DESCRIPTION OF THE TASK: The answer is an exact copy of the lines from the one with "Houten aftelblokken met" to the end of the listing below, pictures left out.

Top of SUPPLIED MATERIAL

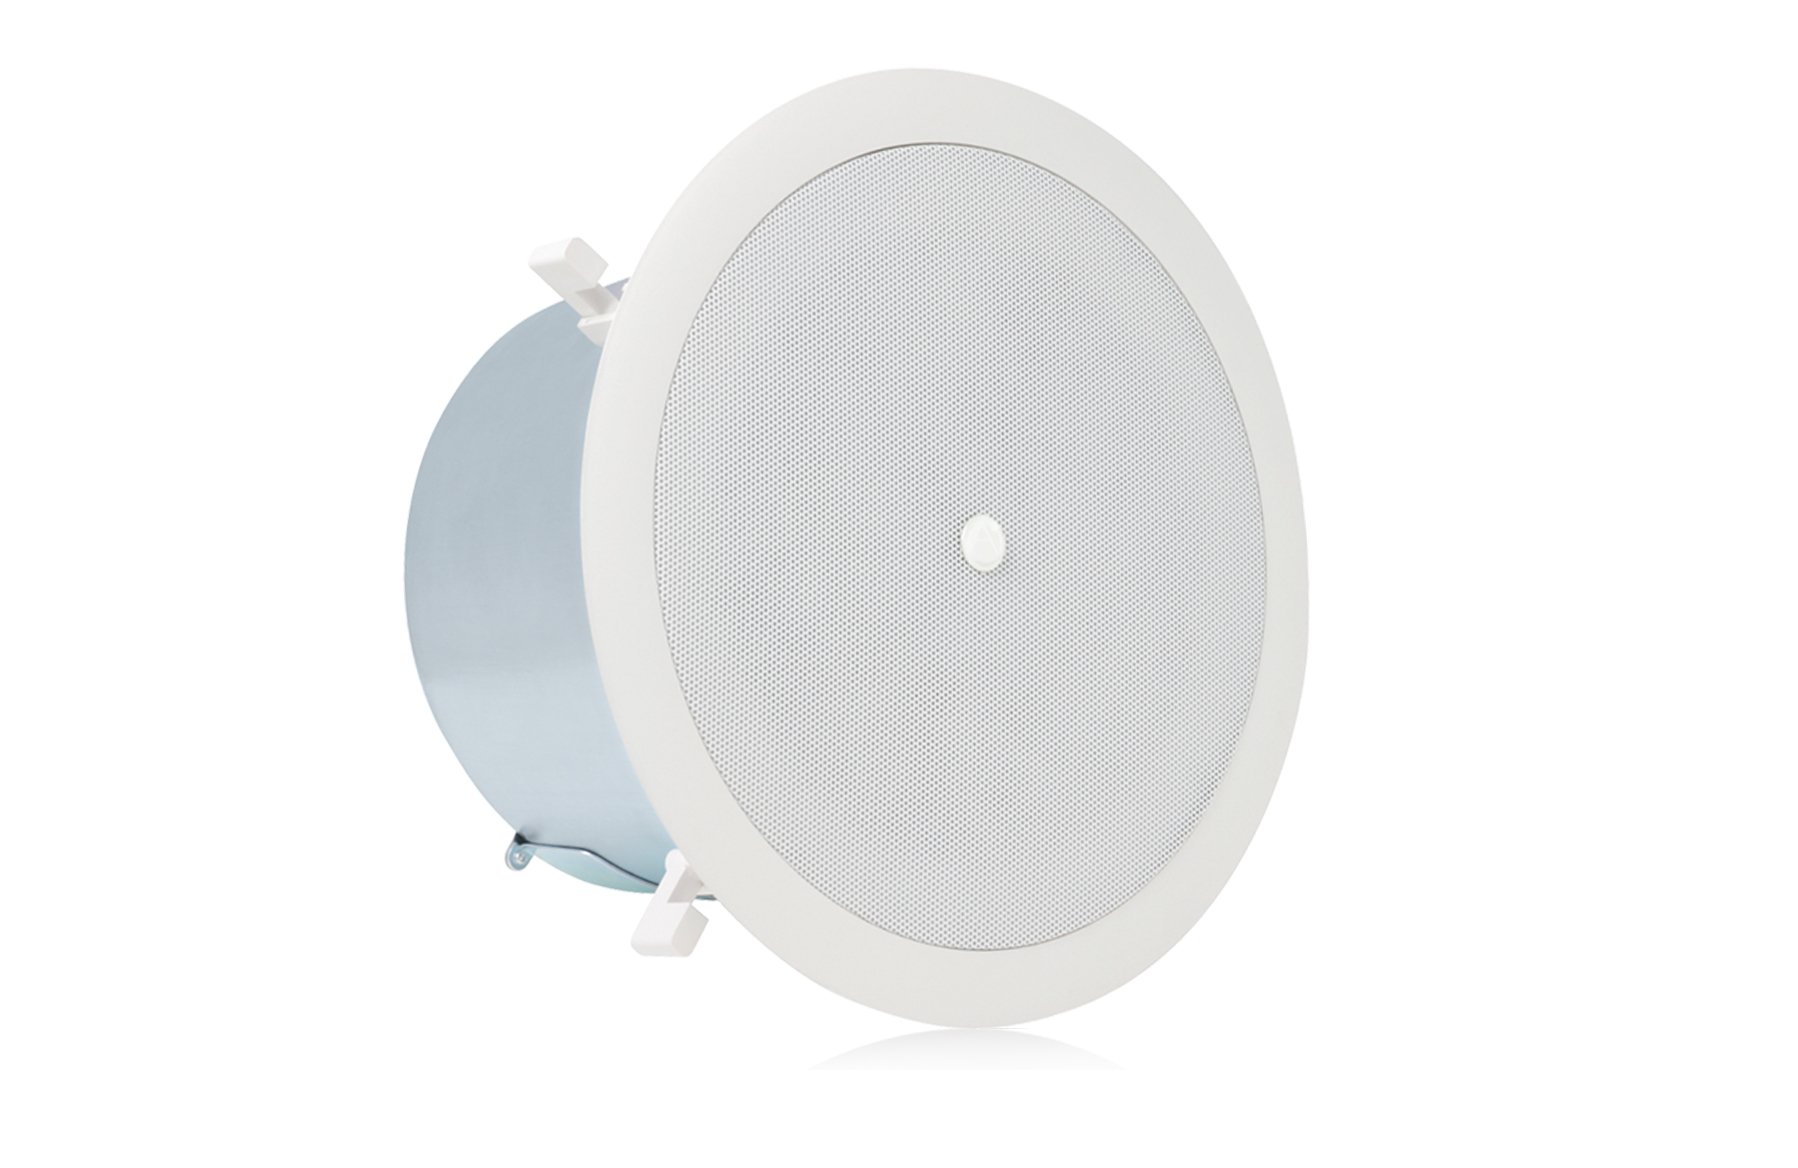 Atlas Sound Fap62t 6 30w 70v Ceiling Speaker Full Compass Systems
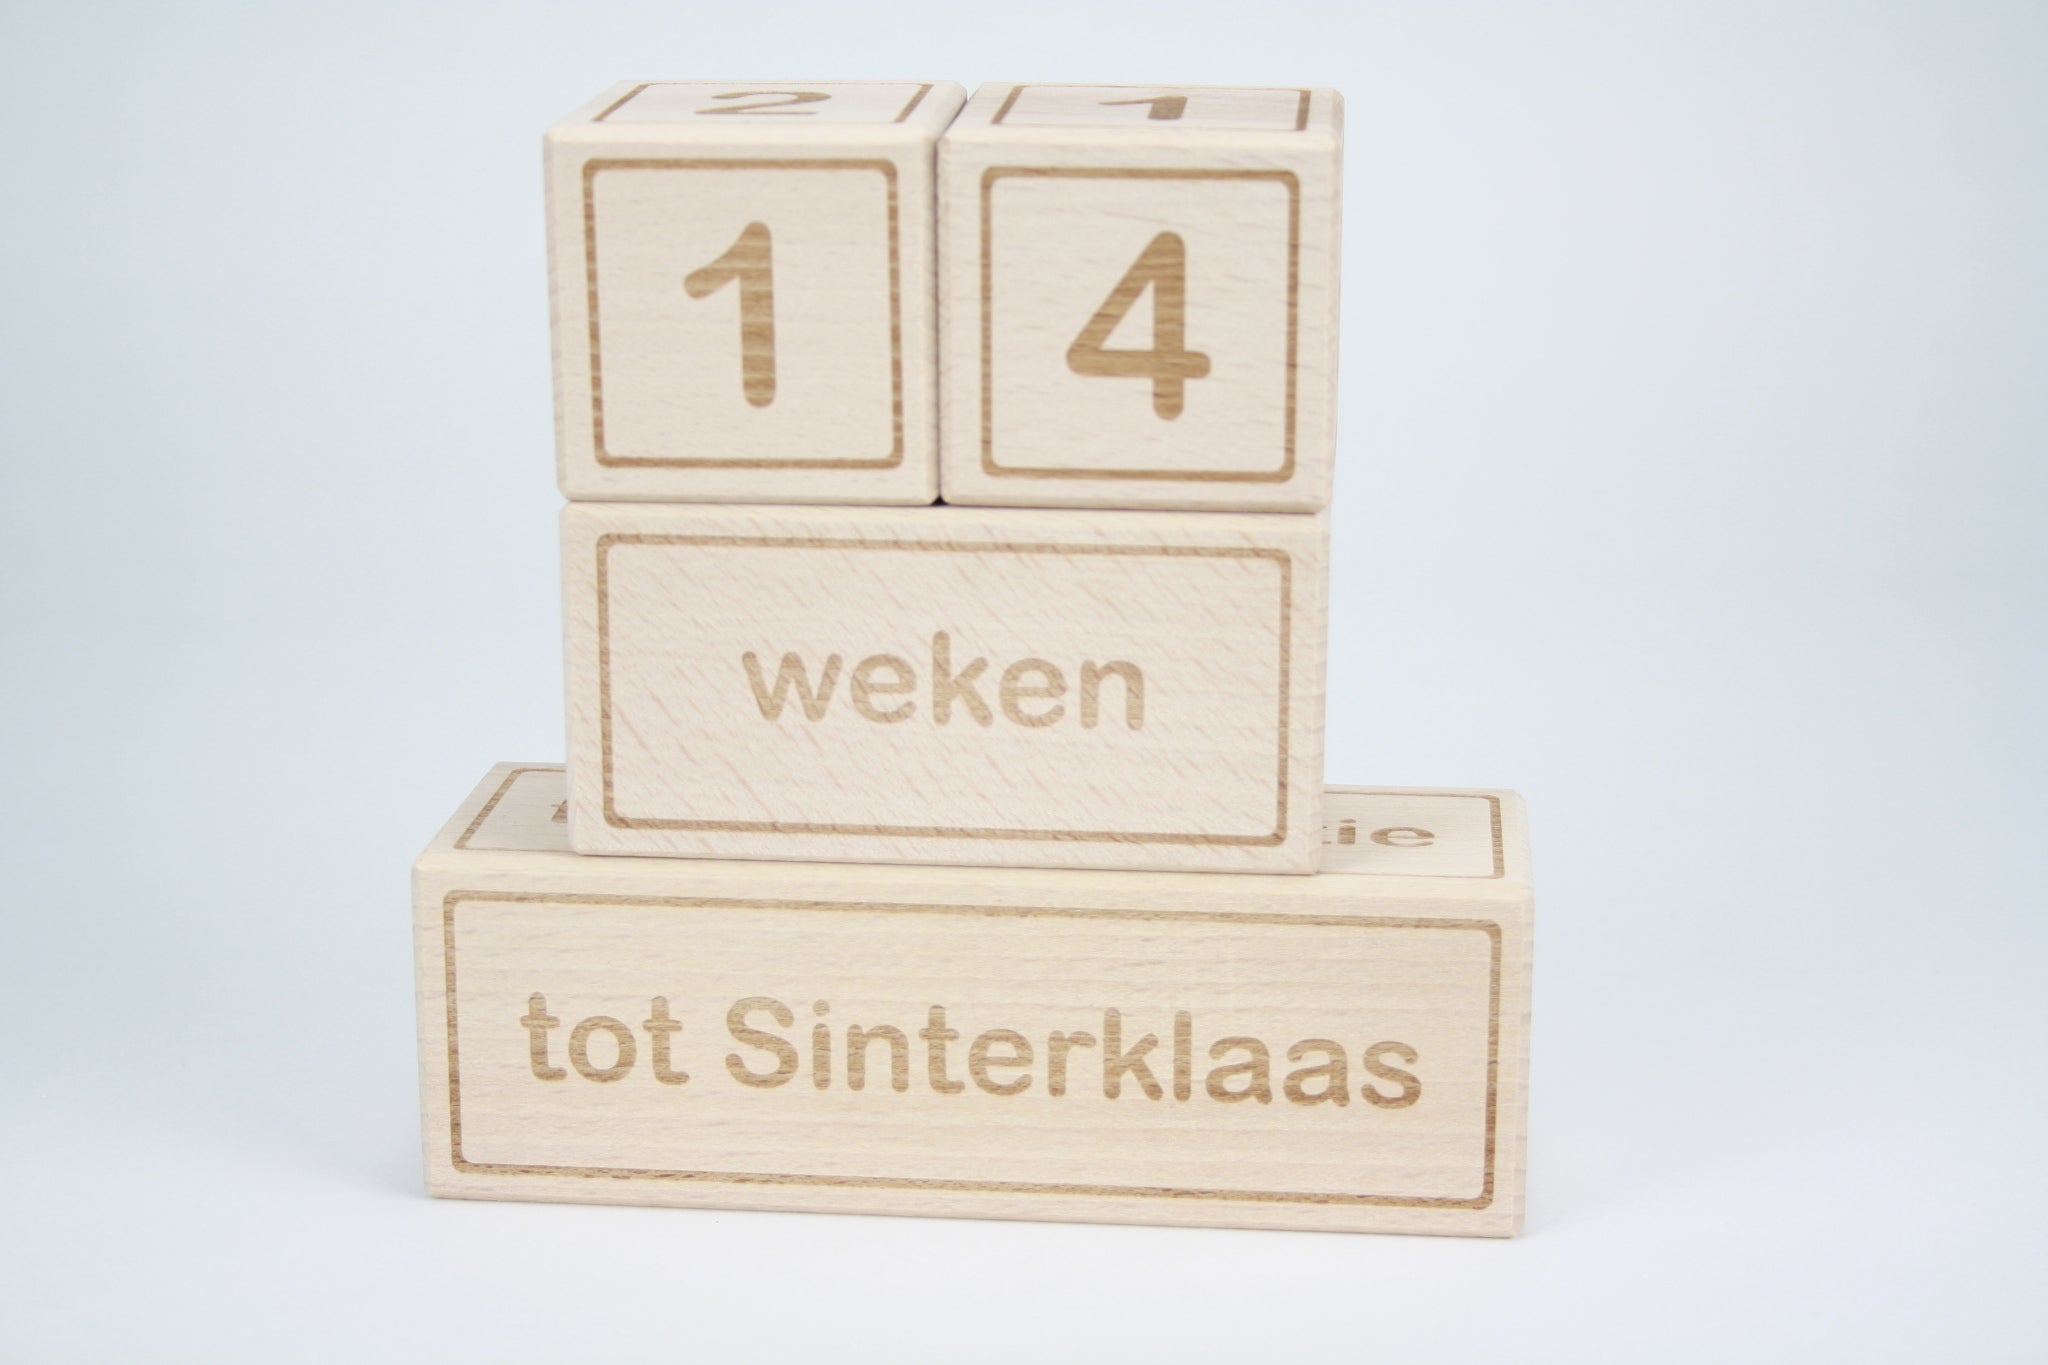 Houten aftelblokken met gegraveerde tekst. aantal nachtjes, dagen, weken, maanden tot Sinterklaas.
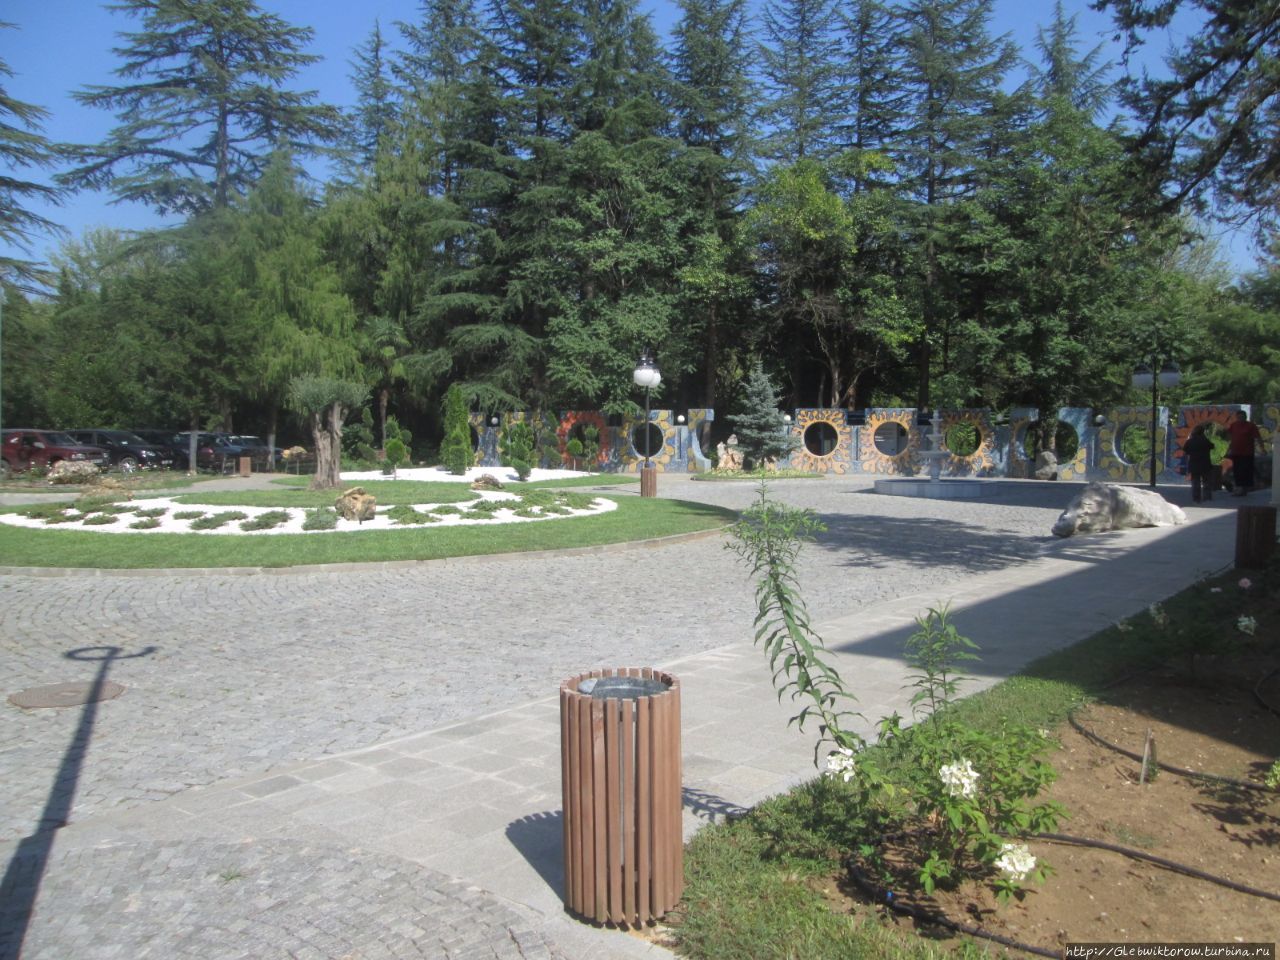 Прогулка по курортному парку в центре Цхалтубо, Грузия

Bottom of SUPPLIED MATERIAL

TASK SOLUTION:
 Houten aftelblokken met gegraveerde tekst. aantal nachtjes, dagen, weken, maanden tot Sinterklaas.
 Прогулка по курортному парку в центре Цхалтубо, Грузия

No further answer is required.